My mother periodically is convinced that the man that is with her (my dad) is not HER John. That HER John has left her. She gets very upset and crying. And, of course, it's upsetting to my dad as well as they have been married for 47 years. My mother raised me not to lie and I rarely do so. Today my dad called and asked me to lie to her and tell her that I had seen dad earlier and he was running errands and would be right back. I did. And when she wakes up from her nap, she will be fine again. I feel horrible lying to her, but if it calms her, is it okay? Or am I setting myself up for her distrust of me?
I was raised, or developed my own moral/ethical compass and I wouldn't lie either...but this, you will discover as time passes, is a game of survival...for ALL. Your dad is right...It truly is okay...otherwise it increases upset and that's not good for any of you. You might start to develop a knack for it. Sort of a diversion/distraction game. The last trip my parents took a few years back to visit my sister was when we got slapped in the face with what was going on. Sister is out of state. Plane trip went fine...but on arrival we discovered how she had barely packed...and she began to whine about wanting to go home. When told the truth (going home in 9 days) she went into auto mode about oh no, she had bills to pay etc. Finally my sister just by chance said "the day after tomorrow". And that shut her up and worked...it had to of course be repeated, multiple times for the next 8 days...but it worked to appease her. If you had a good relationship prior, she will no doubt continue to trust you. Good luck...
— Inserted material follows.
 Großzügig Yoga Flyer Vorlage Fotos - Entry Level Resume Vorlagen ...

If she is like my mother, she won't even remember the conversation the next day and it will all be behind you. but at the time, you were able to give her peace when she was experiencing fear.
I would not worry about these little confabulations setting up any kind of distrust from your mother. Her reality is now many years ago, and her denial that your dad is her husband is likely mired in that - he does not look like the man in her mind/memories. Your dad must have learned about this somewhere and it is good that he is okay with it. It's sad that she doesn't acknowledge him now, but if he wants some comfort from her, perhaps he could get some by phone - she might recognize his voice but not his current image. During one of those "errands", he could call when not in her sight and say he heard she was worried about him. He could chat for a few minutes, perhaps making both of them happy for a little while, and then say he'll be along soon, he has to finish work or errands or whatever excuse comes to mind. Because she won't remember your fibs for long, they shouldn't cause any distrust to set in.
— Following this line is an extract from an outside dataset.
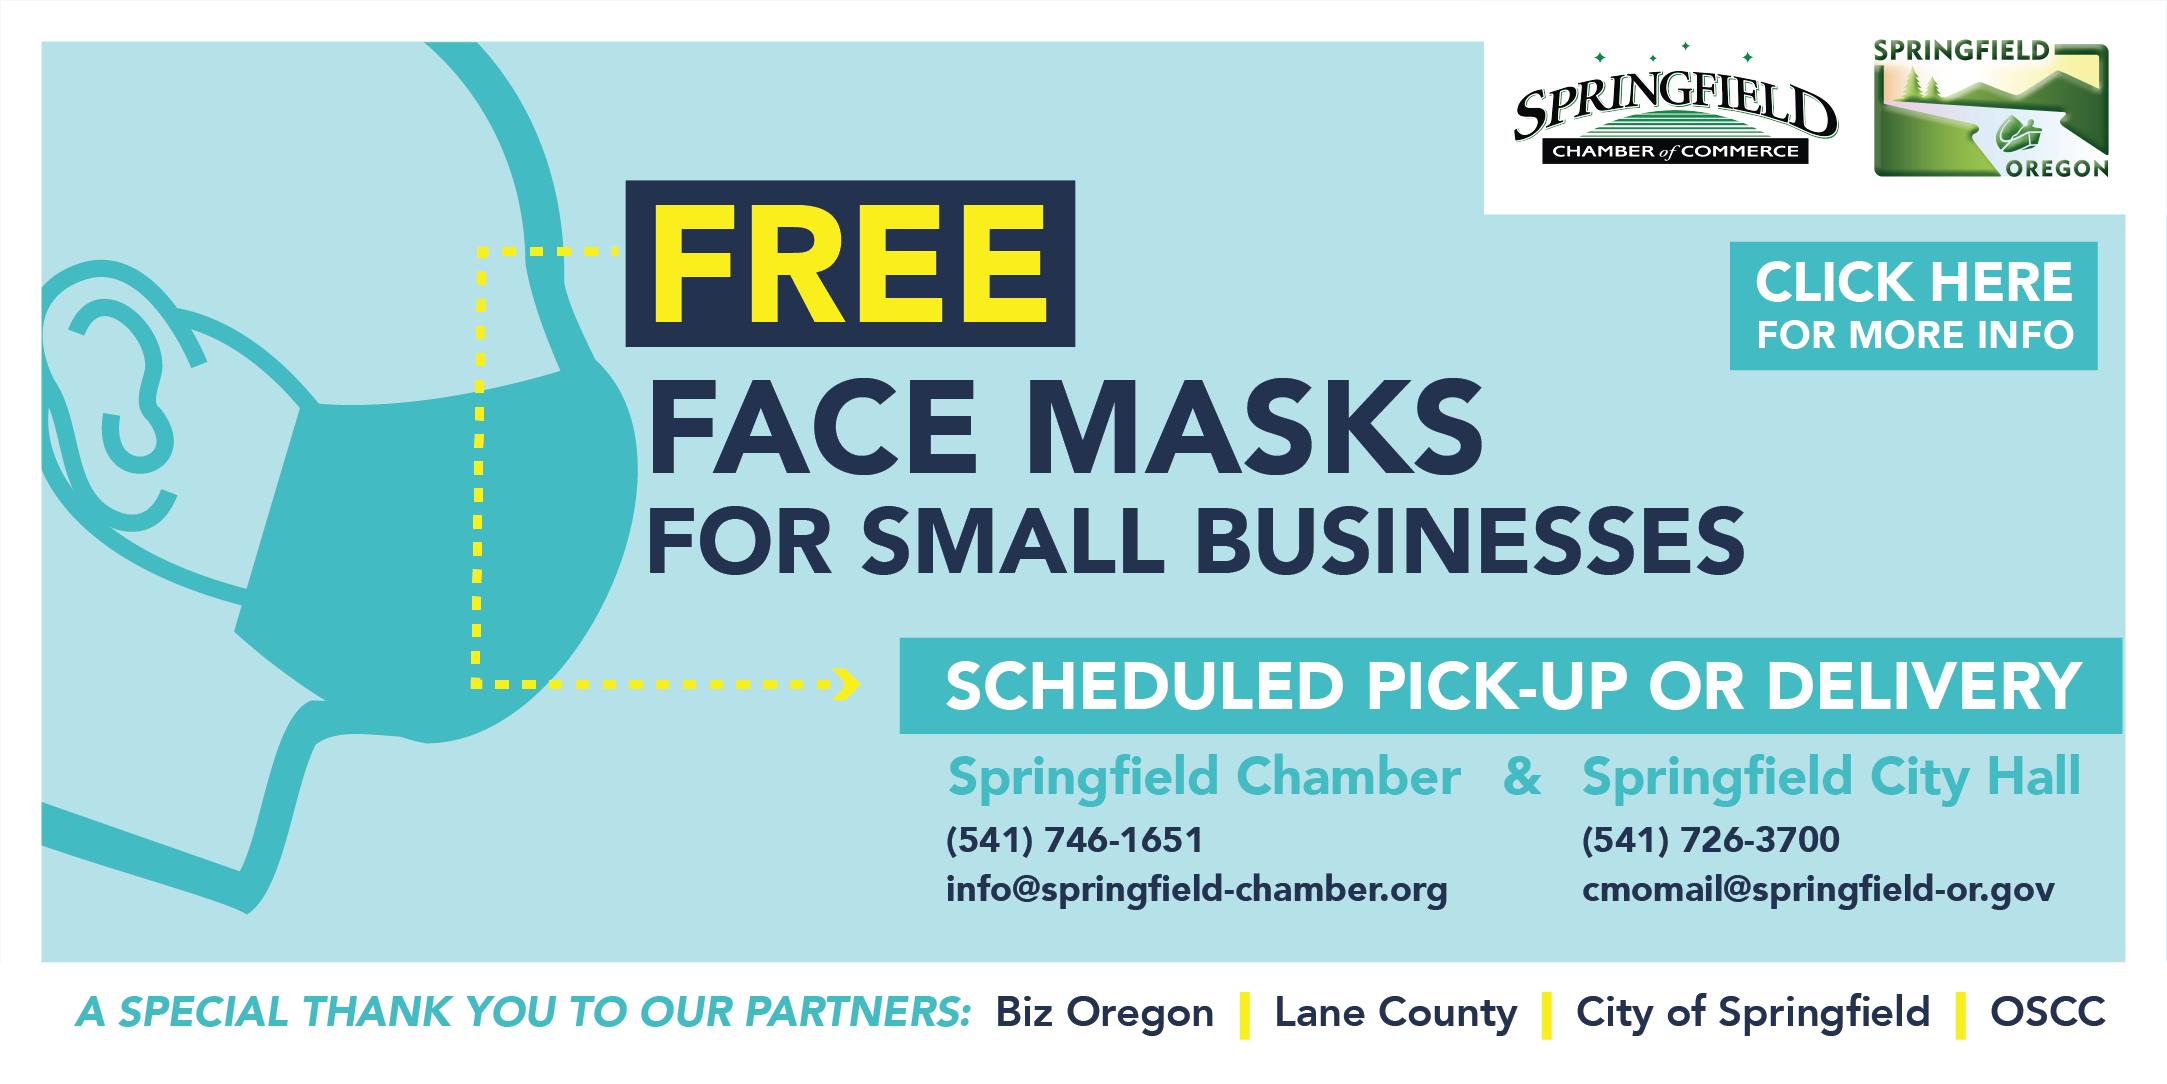 Free Face Masks Chamber/City

Always keep the "return" vague, as you did (be right back, soon, in a while, etc.) Their concept of day/time is also out of whack, so try not to use dates or times. Just soon, later, etc. Be there for your dad. This is very hard on him!
An example that we recently experienced was having to decide to take my father-in-law off dialysis. He had Alzheimer's and it would have done him NO GOOD to tell him this. He was still cognitive enough to wonder why he wasn't going to dialysis, so we were told to tell him that he wasn't tolerating dialysis very well (true) and so he was having a break. He wouldn't have been able to understand at this point that he was going to die. It was difficult (as this was during the beginning of COVID and we couldn't be with him in the nursing home) but he died very peacefully.
Sadly, we have to be quite sneaky with Alzheimer's parents sometimes. It is hard on us! But try to think about things ahead of time and plan for what you will say, etc. We also learned that it is best to say TOO LITTLE about something rather than TOO MUCH. Blessings to you.
Once when she was persistent in asking, she was told dad passed. She then asked "where is he?" He was cremated and the urn is in our church mausoleum. My brother told her, "He's at the mausoleum, lying right above (name of a neighbor who passed.)" She got a laugh out of that! So there's no telling how some of this stuff registers in a damaged brain.
if you told her the truth, it might intensify her confusion and fear.
Make sure your Dad has breaks - maybe you can hire someone and spend some focused time with him. This is so painful for him.
About a week later she again asked about Cinnamon, I told her she died the past week. Another 4 to 5 days of mourning. After that whenever she asked about her dog, "everything is fine" until she completely forgot about the dog.